A Word in the Dark

Teen suicide is a growing epidemic here and across the country

It’s a hot Tuesday morning this past September, and Cindy Nadelbach has set out a spread of doughnut holes, coffee, and yellow ribbons and bracelets. It’s National Suicide Prevention Day, and she’s at Jaycee Park in Boynton Beach to unveil a brand-new park bench.

After words from the mayor, Nadelbach stands with Victor Perez, her son’s best friend since fourth grade, ready to lift the veil over the bench. The crowd counts down, and in a flurry of fabric, a bright yellow bench is revealed to applause. On it is the National Suicide Prevention Lifeline phone number and her son’s name: Josh Nadelbach.

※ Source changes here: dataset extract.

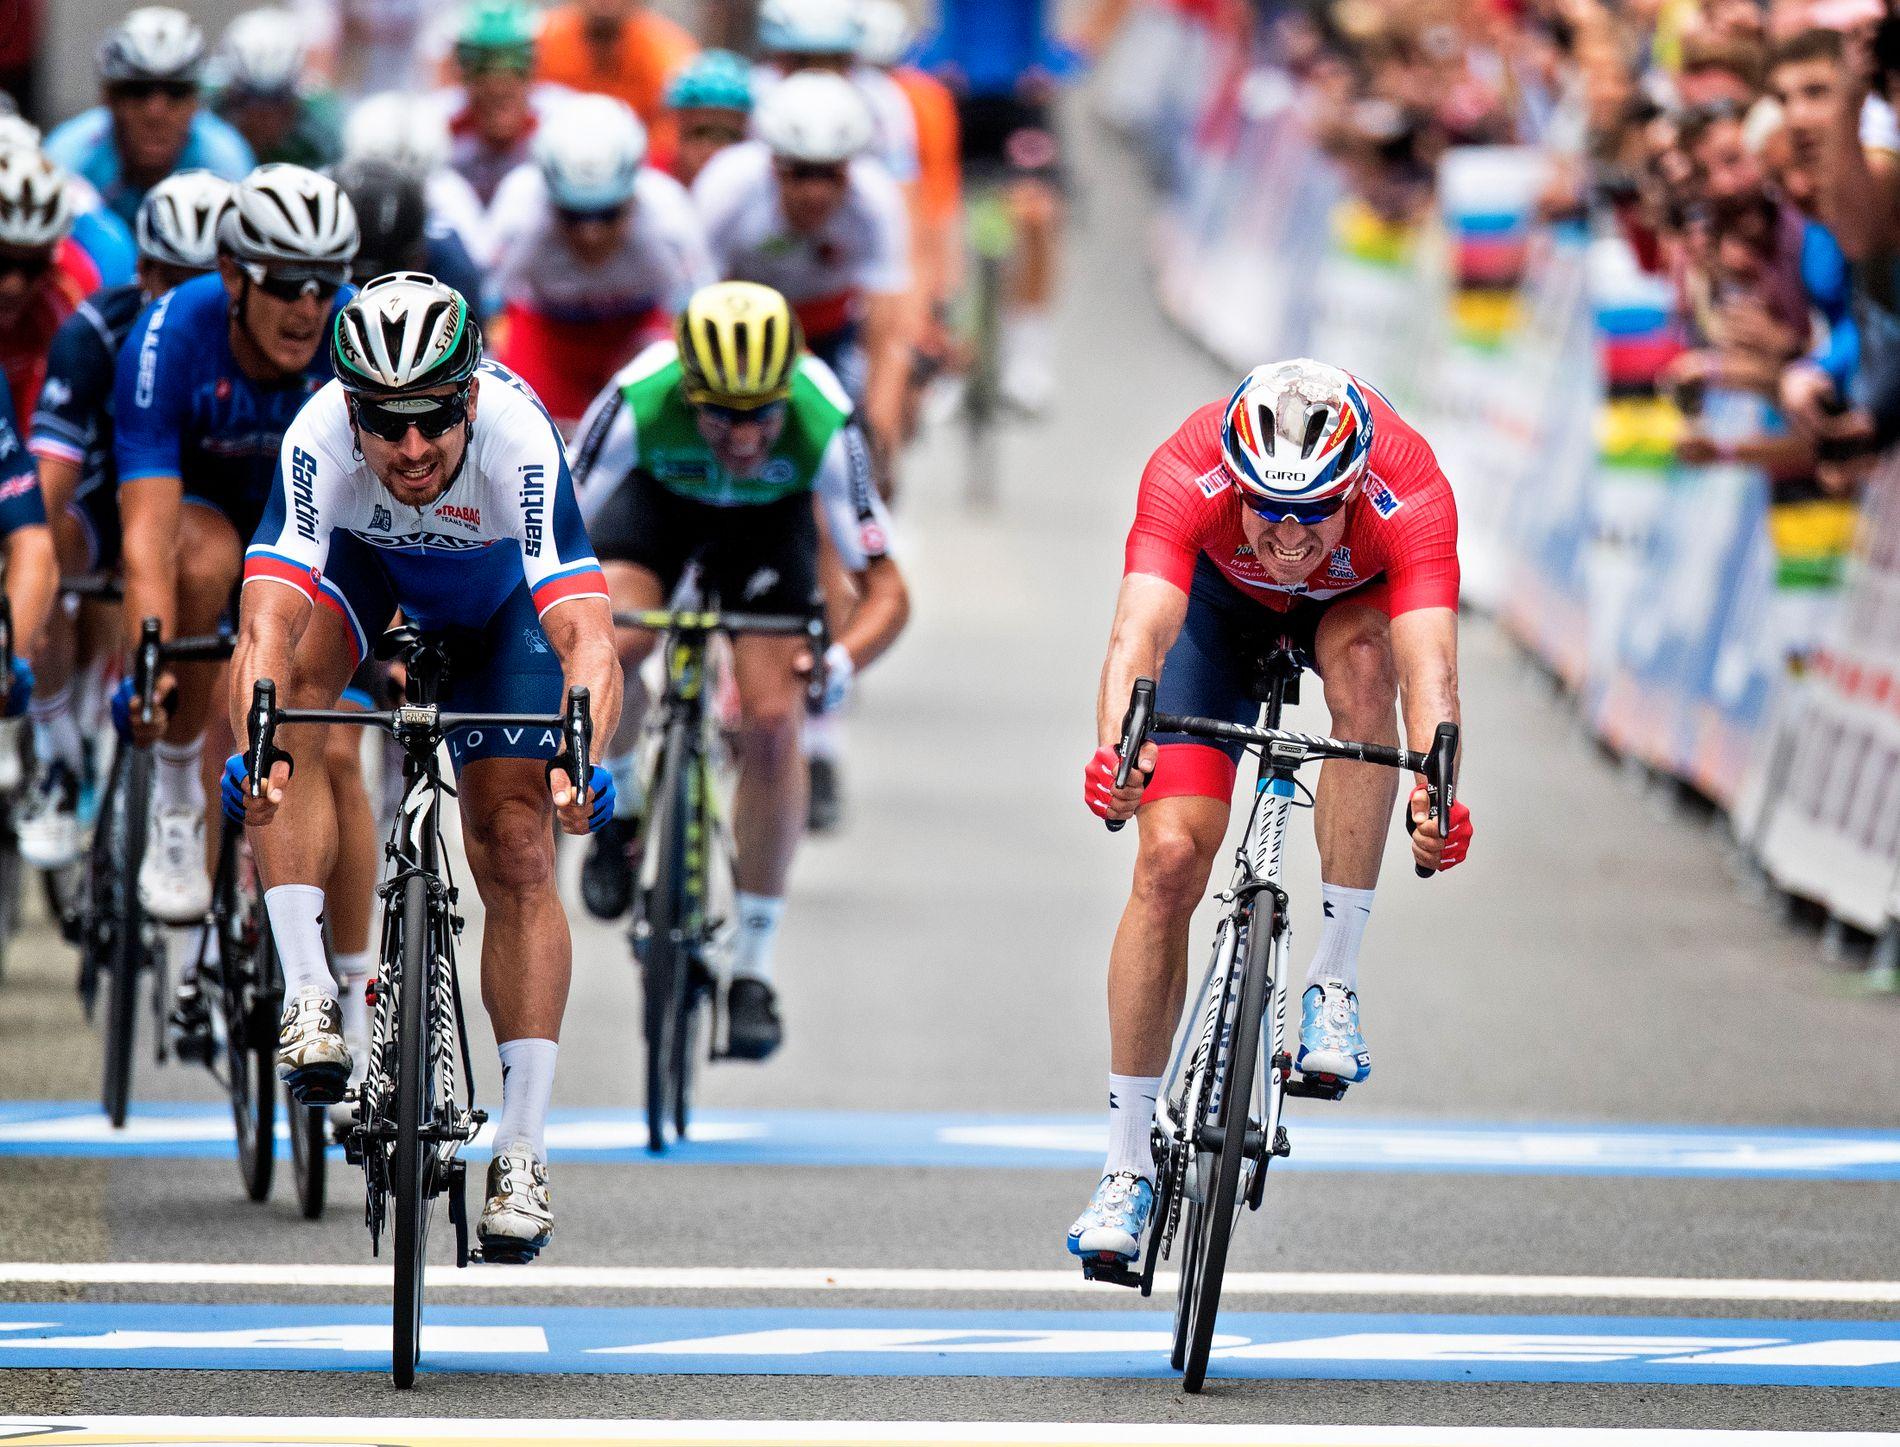 GULL-NEDERLAG: Alexander Kristoff ble toer etter å ha blitt spurtslått av Peter Sagan i Bergen. Etterpå har stort sett alt handlet om økonomi etter mesterskapet.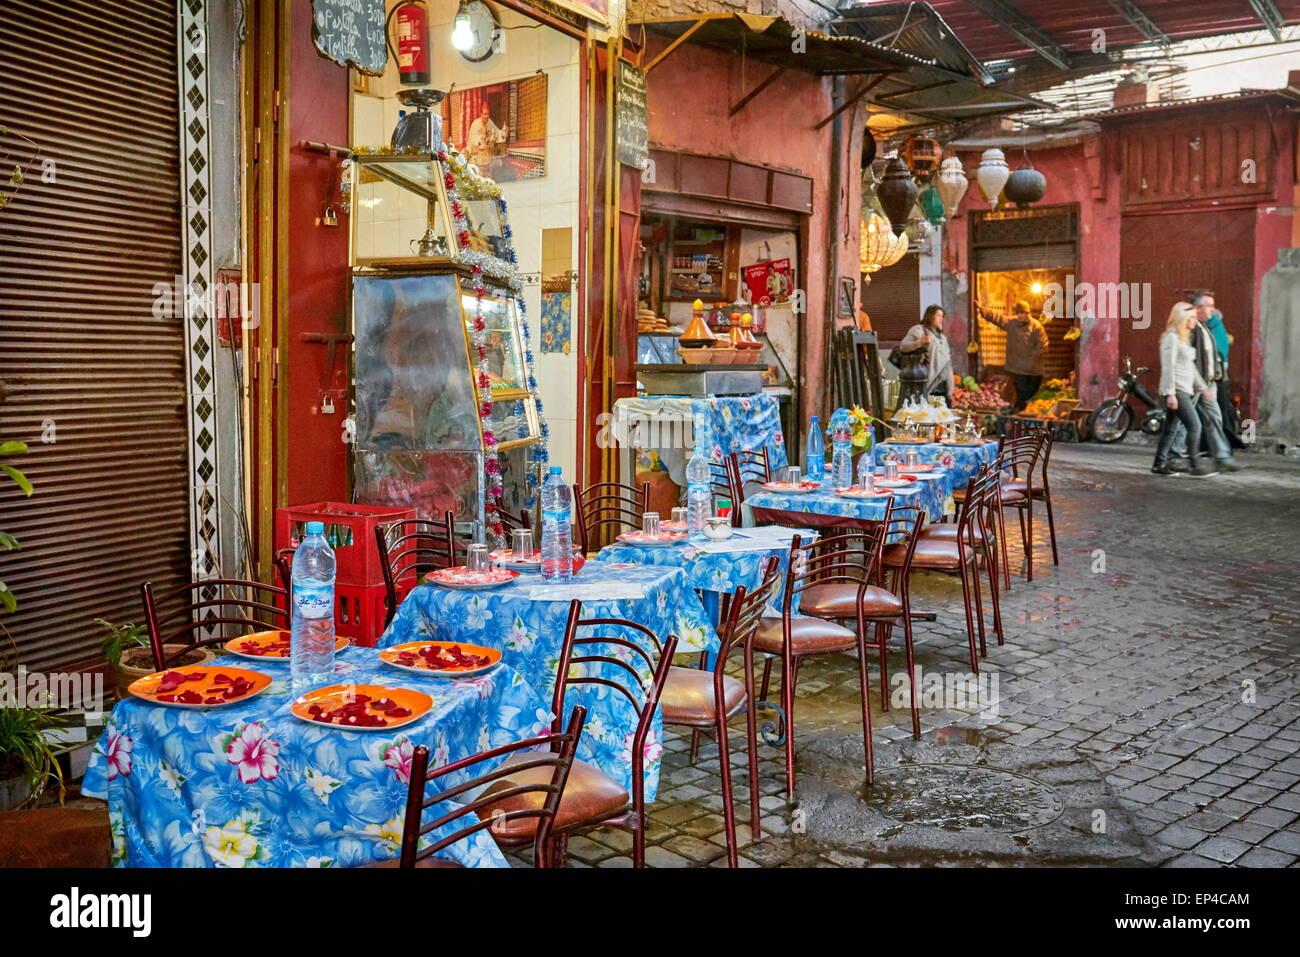 Una strada locale ristorante nei pressi di Djemaa el Fna, Medina di Marrakech, Marocco, Africa Immagini Stock

That day marked the 15th bench that was installed by Josh’s Benches, a new nonprofit founded less than two years after Josh died by suicide. He was only 21 years old when a friend called Cindy in the middle of the night, saying her son had left a cryptic message on his Facebook page and that something wasn’t right.

Later that day, they found Josh dead in his car. “I said to myself, I didn’t want my son to just be a statistic. That was almost one of the first things I thought about,” Nadelbach says. “You can’t miss a bright yellow bench. I knew whatever I was going to do with it, I wanted it to be noticed.”

Noticed, and talked about. While that day was one to recognize suicide prevention, there weren’t news stories and social media posts calling attention to it the same way our world is painted pink during October.

Why do we ignore it?

“Suicide is a word that stays in the dark,” Nadelbach says. “Suicide is something that nobody wants to talk about.”